In Wendts Äußerung spiegelt sich eine Vermutung, eine Hypothese, die auch aus den deutschen Sicherheitsbehörden zu vernehmen ist. Aber es ist eben nicht mehr als das. Sie ist geboren aus der Überraschung darüber, dass der IS den Flüchtlingsstrom überhaupt ausgenutzt hat, wo doch die (berechtigte) Annahme besteht, die Terrorgruppe verfüge über ausreichend Geld und andere Ressourcen, ihre Kader auf weniger gefährlichen Wegen nach Europa zu schaffen.

Aber es ist keine gute Idee, in den IS Dinge hineinzulesen, für die wir jenseits unserer eigenen Spekulationen keine vernünftigen Belege haben.

Möglich, dass der IS so tickt, wie Wendt es insinuiert. Möglich, dass er ganz andere Gründe hat, den Flüchtlingstreck zu nutzen, die wir gar nicht kennen.

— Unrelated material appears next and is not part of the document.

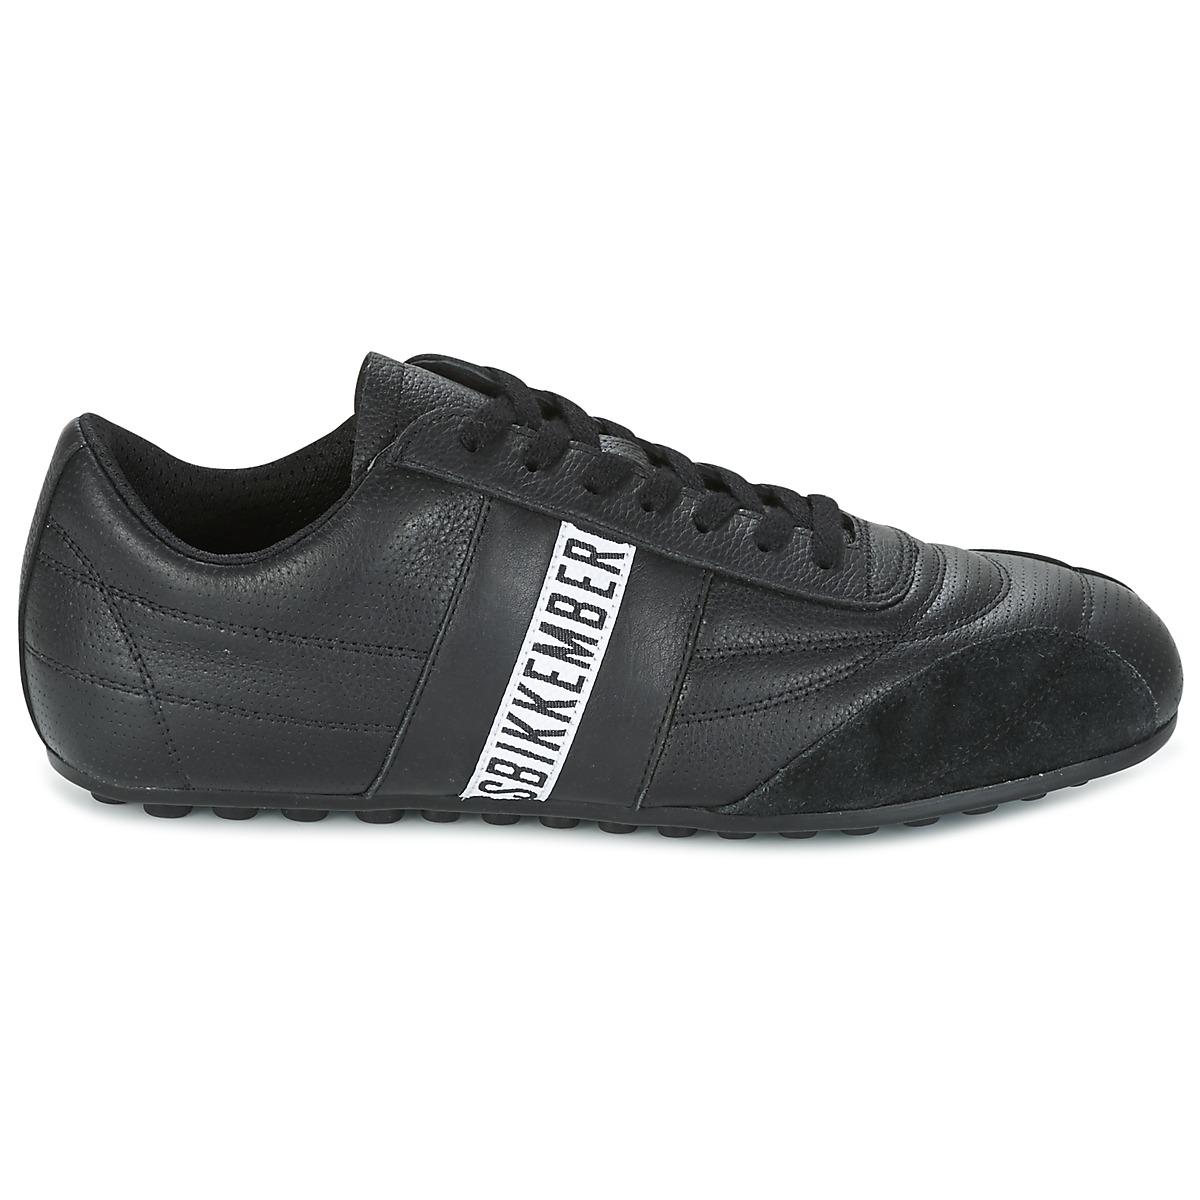 Bikkembergs Soccer 106 Leather Shoes (trainers) in Black for Men - Lyst

Das eigentlich Überraschende an diesem konkreten Fall ist ohnehin etwas anderes: Dass es sich nach allem, was wir wissen, bei den Festgenommenen um Syrer handelt, die nie zuvor über einen längeren Zeitraum in Deutschland gelebt haben, sich hier mithin auch nicht so gut auskennen wie beispielsweise die Paris-Attentäter. Dieses Vorgehen widerspricht der bisher bekannten IS-Vorgehensweise. Was es bedeutet, wissen wir aber auch noch nicht.

Ich weiß, es ist etwas ermüdend, aber es ist wichtig: Hüten wir uns vor zu schnellen Schlüssen, sie gerinnen zu schnell zu einer gefühlten Wahrheit – und beeinträchtigen den analytischen Blick mehr als dass sie helfen, den Terror zu verstehen.